Vectored vaccines such as those of AstraZeneca (Chimpanzee adenovirus), Johnson and Johnson (Adenovirus type 26), CanSinoBIO-Beijing Institute of Biotechnology vaccine (Adenovirus type 5) and Russia’s Sputnik V (Adenovirus type 26 and type 5) all use defective adenovirus vectors to deliver the spike protein gene as a DNA copy, which is then transcribed into mRNA for translation into protein in the cytoplasm of cells. The virus vector contains a defective genome of adenovirus that lacks the regulatory genes that are required to express its virus genes, but instead makes mRNA for the SARS-CoV-2 spike protein. Consequently, adenovirus vectored Covid-19 vaccines give intracellular protein synthesis via mRNA, so the benefits of the expression approach are quite similar when it comes to inducing a good T-cell and antibody response.

Earl Brown: However, the virus vector also stimulates an immune response against its own constituent proteins. This becomes important for the two-dose vaccines because anti-adenovirus antibodies resulting from the primer injection will now interfere with the adenovirus vectored vaccine given as a booster, functioning to bind to the vectored adenovirus particle and decrease its delivery to cells. So vectored vaccines have to balance the effectiveness of the delivered primer and boost vaccines for the spike protein versus the immune responses to the adenovirus vector, which serves to block immunisation via the booster shot. Sputnik V uses two different adenoviruses for the prime (Ad26) and the boost (Ad5) so that immune inhibition of the second vector shot by the immune response to the primer shot does not occur. The Johnson and Johnson Covid-19 vaccine approach solves this anti-adenovirus vector response by using a single shot of Ad26-vectored vaccine (to achieve 67% protection against disease) and AstraZeneca has used dosing regimens that allow an effective booster response with the same chimpanzee adenovirus vector.

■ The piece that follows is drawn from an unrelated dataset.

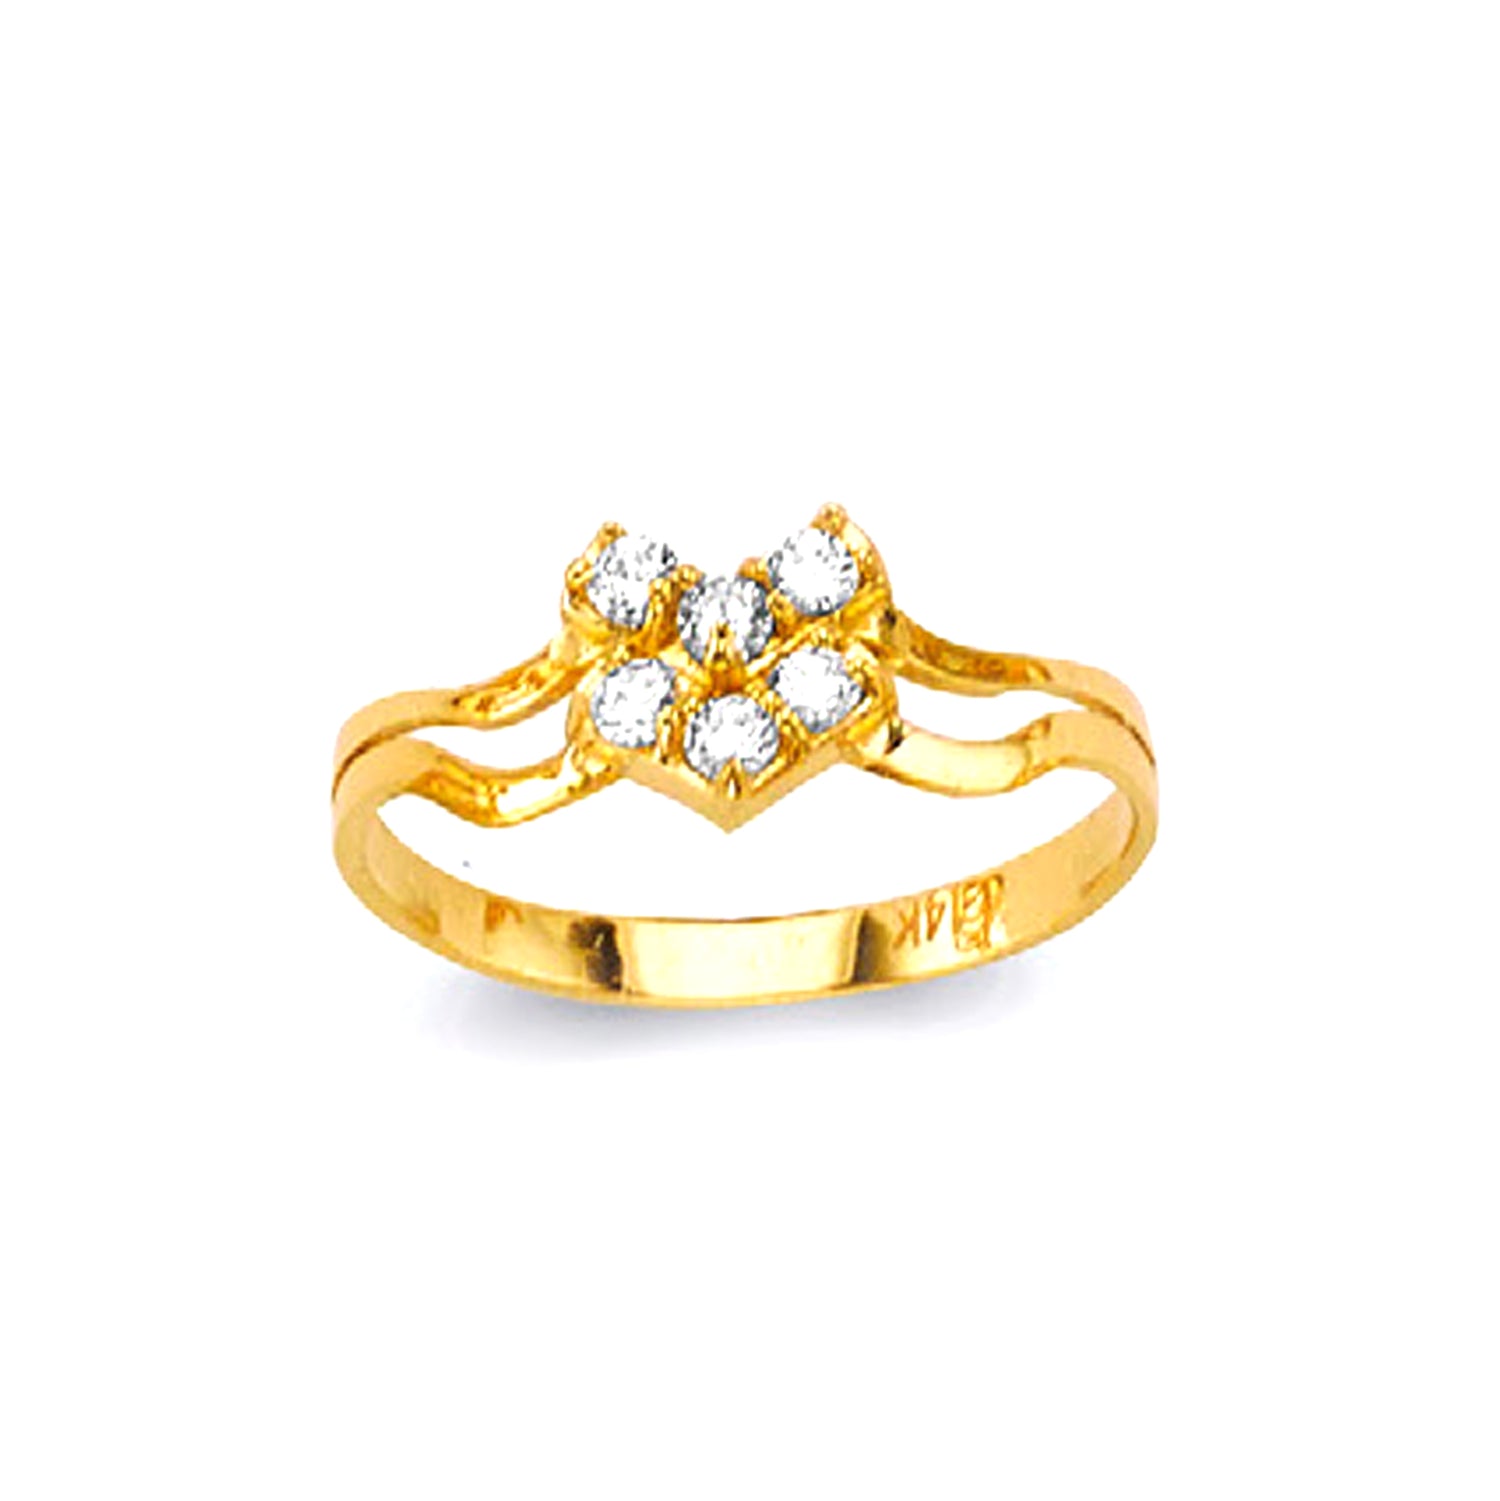 Groovy Tiara Shaped Ring in Solid Gold

A further problem of adenovirus vectors that use human adenoviruses, such as the CanSinoBio vaccine, which uses type Ad5 as a vector, is the presence of pre-existing antibodies that are present in about 25% of the human population, and that function to inhibit the vaccine vector. This can reduce the overall effectiveness of Ad5-vectored vaccines in some populations. Although the Sputnik V vaccine uses a less prevalent Ad26 vector for the priming inoculation followed by Ad5 as the booster vector, it has been reported to be 9 % effective in published phase I and II trials. Although the reported protection provided by adenovirus-vectored vaccines is generally not as high as that provided by mRNA vaccines against mild infections, they do offer 90% protection against severe disease. Unlike mRNA vaccines, their storage does not require ultra-low temperatures, making them more practical for general use.

The recent emergence of SARS-CoV-2 variants such as B.1.1.7, which can partially escape immunity, has stimulated the development of second-generation vaccines directed against them. Vectored vaccines will require the production of modified replication defective adenovirus genomes for production in packaging cell lines, which is an additional step compared to mRNA vaccines, but should not impede their timeliness by more than a few weeks longer than the six weeks needed to start producing a novel mRNA vaccine.